Installing an open fireplace was one of the first tasks we tackled in this house. A hearth is the heart of any living space, a belief reinforced by the obsessive nature with which my parents would light the stove at any opportunity. I remember the heat that would belt out from that stove (the same ornate number as found at The Ethicurean) as it warmed my face, the creak of the doors opening, the little tool used to open the vents. The television was on a table to the left of the stove and our cheeks would redden on one side only.

But most of all, I remember the ritual of laying the fire, one I now follow in our house, with our fireplace, using the same black iron tongs and brass poker inherited from my parents. It's taken me a while to perfect a roaring fire, but I think I've finally managed it.

To lay the perfect fire, you will need (aside from the obvious hardware):
Kindling, and plenty of it
Fuel suitable for the kind of 'zone' in which you live; we use logs of varying sizes and smokeless coal
If you're unlucky: firelighters

Step one:
Sweep out the ashes of any previous fire.
Fold a sheet of newspaper in half along the diagonal. Fold up from the fold about 5cm and keep folding until you can fold no more; you should have a long, thin strip.
Wind the strip around your hand and tuck in the end, leaving you with a neat coil of paper.

Step two:
Bundle as many of these coils into the grate as will easily fit.
Begin stacking up kindling sticks along the back of the grate. I think this was a mistake I used to make, skimping on the kindling. You need a good, thick layer.

Step three:
Carefully light the newspaper coils, as many as you safely can reach with a lighter or matches.

Step four:
While the kindling is lit, find your coal and begin to place smaller pieces on top of the burning paper, making a thin layer over the top. If the kindling dies out, hold a sheet of newspaper (broadsheet) across as much of the grate opening as possible. It should whoosh back to life. If things are really not working, resort to a couple of firelighters, placed at the back alongside the kindling.

Step five:
Once everything's burning and glowing nicely, select a couple of small logs to place front-to-back, leaving a little room between logs and coal if you can. Bundle more coal into the grate.

Step six:
Monitor constantly. Fiddle about if things aren't looking too promising: move the good patches around, redistributing heat/flames to neglected areas.

Step seven:
When your fire is established, keep a close eye on it, adding more fuel all the time.

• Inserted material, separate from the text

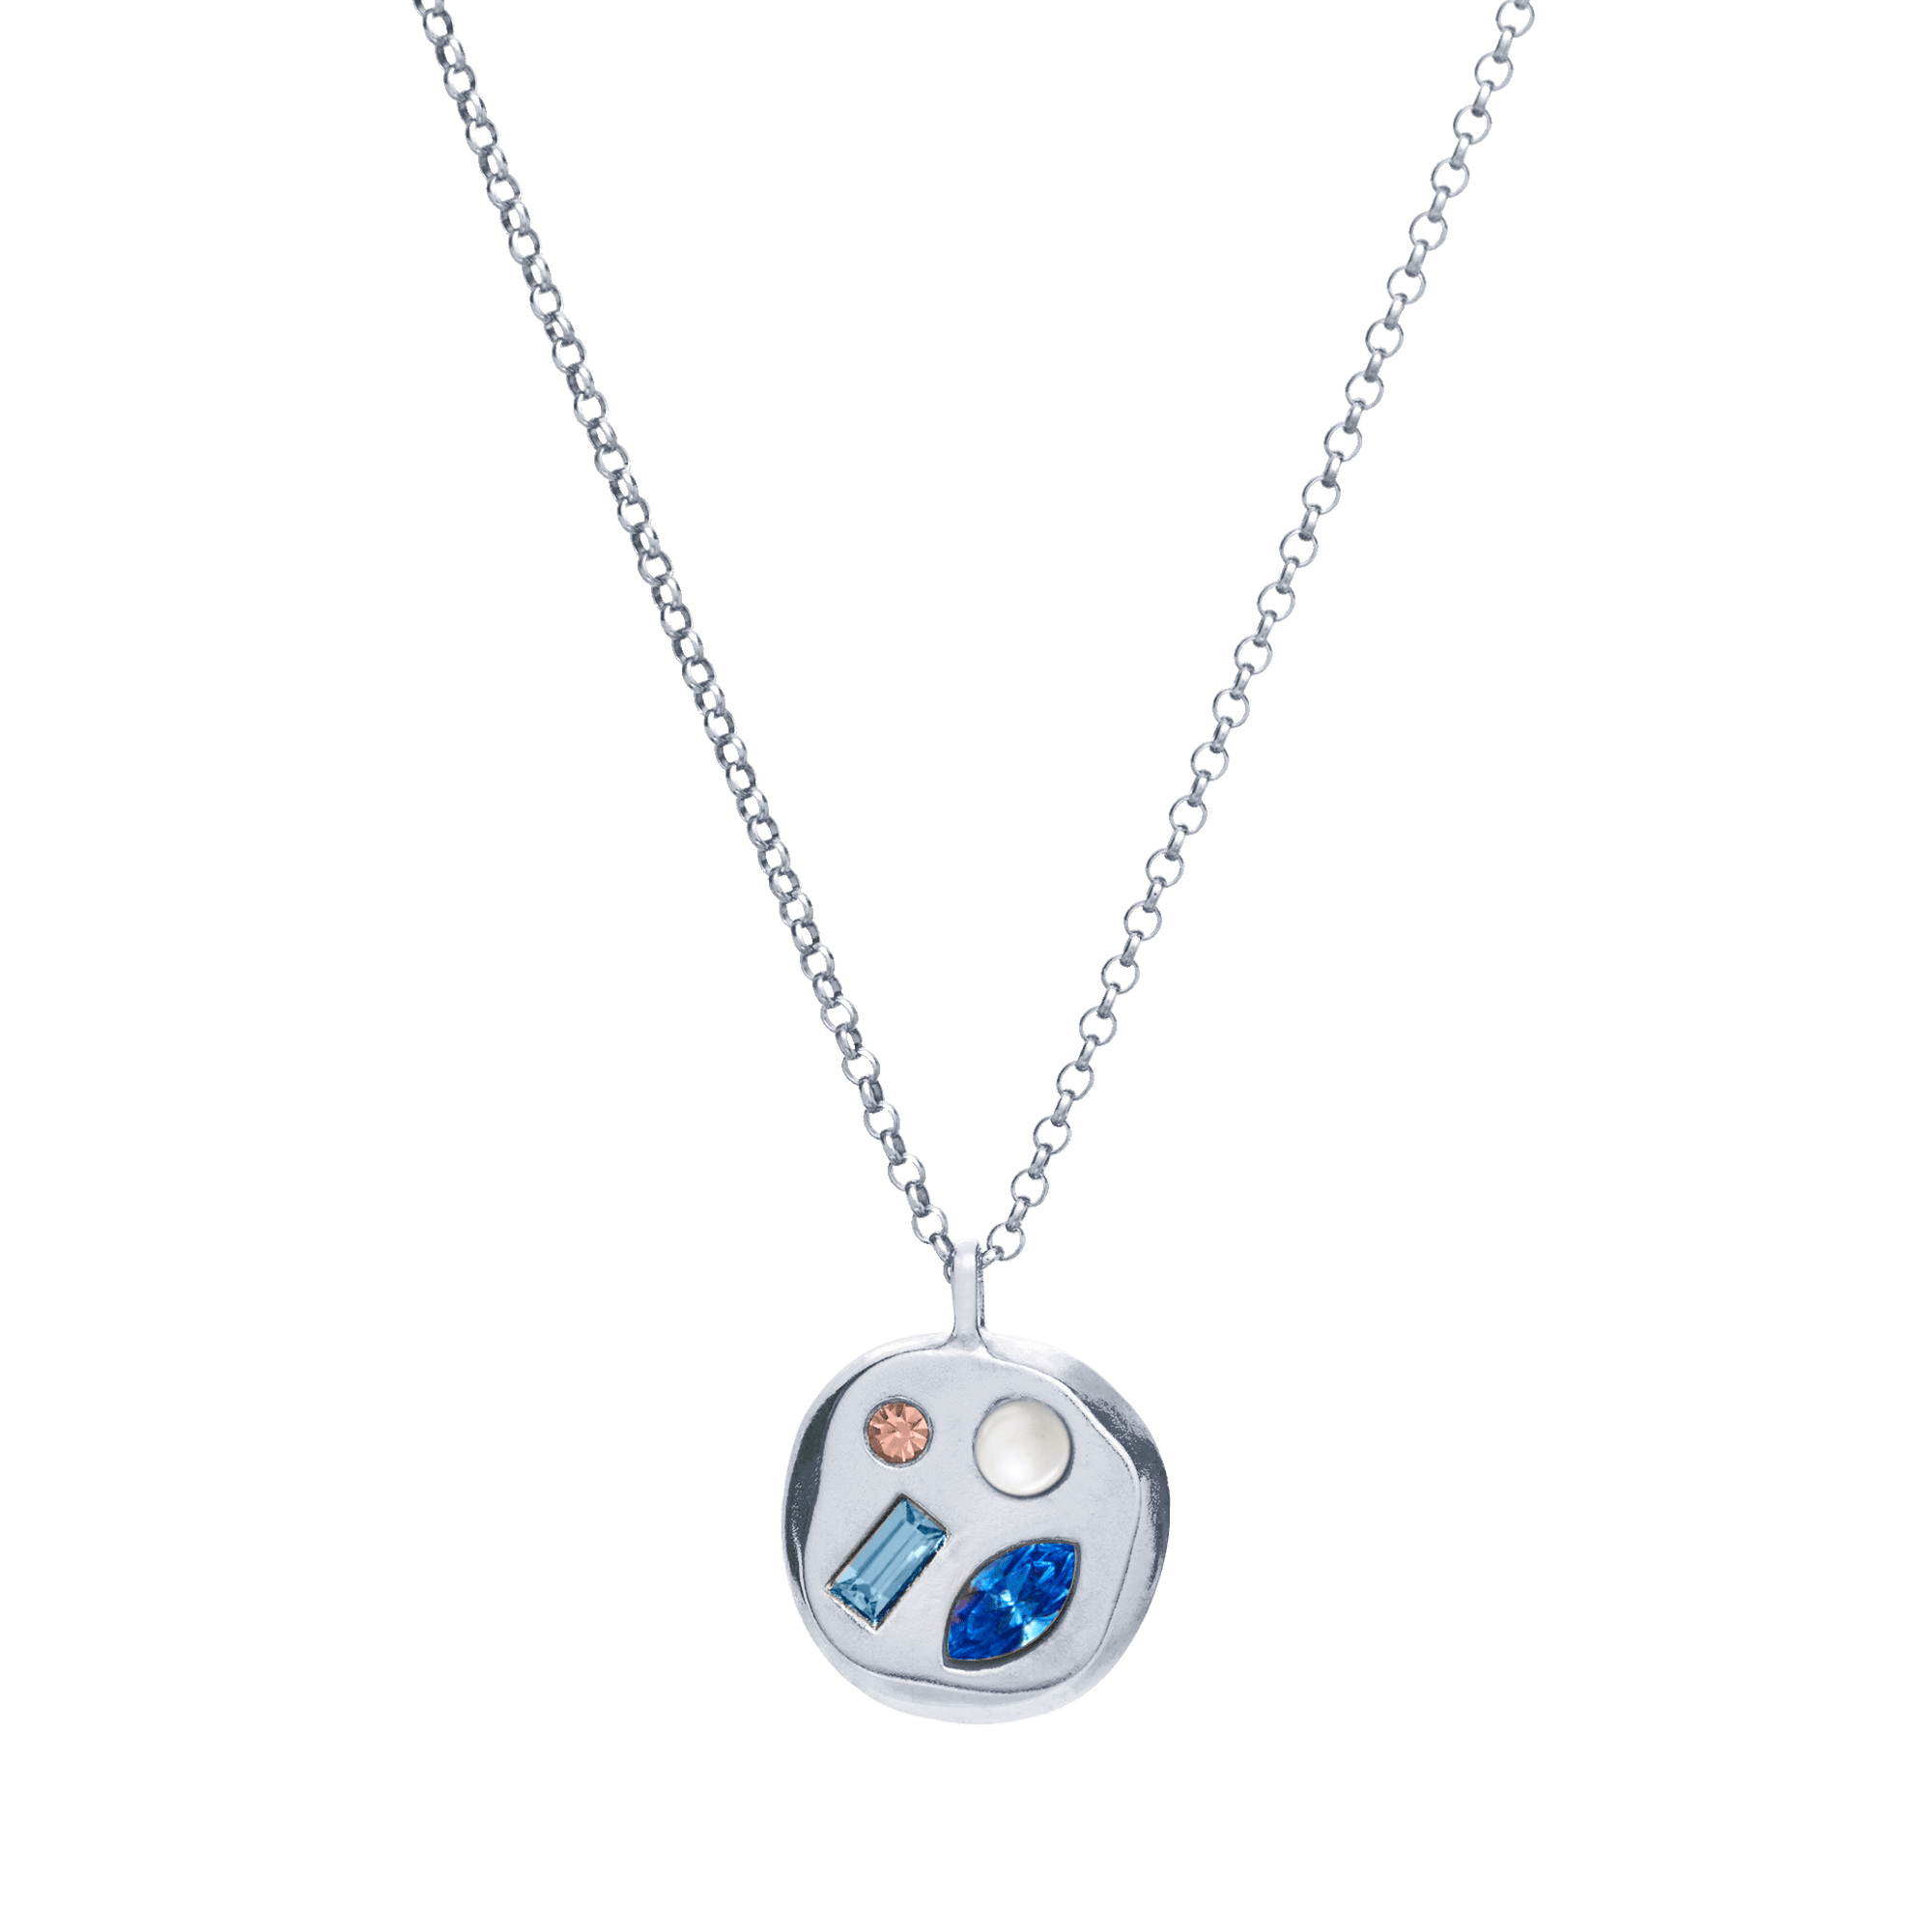 The September Seventeenth Pendant in Sterling Silver

I should probably add some kind of disclaimer here about not being responsible if you don't have the right kind of fireplace or haven't had your chimney swept. I hope it goes without saying that fire is dangerous and that fires should be covered with appropriate guards, not left unattended, and fully extinguished before you go to bed.

But what I want to write is how mesmerising a fire can be, how restorative, how magical (particularly on a blowy/rainy/stormy, dark night - perfect for my Month of Light series). As a child, I had a 1950s book that featured a poem or story about flames. I can't recall much of it, I'm sad to say, but I do remember the illustration of flames with little faces and words describing their lick, unpredictability, and total attraction. One of winter's very finest rituals, perhaps with a crumpet or marshmallow toasting gently on the flames (I'm well and truly sold on RE's range of toasting forks).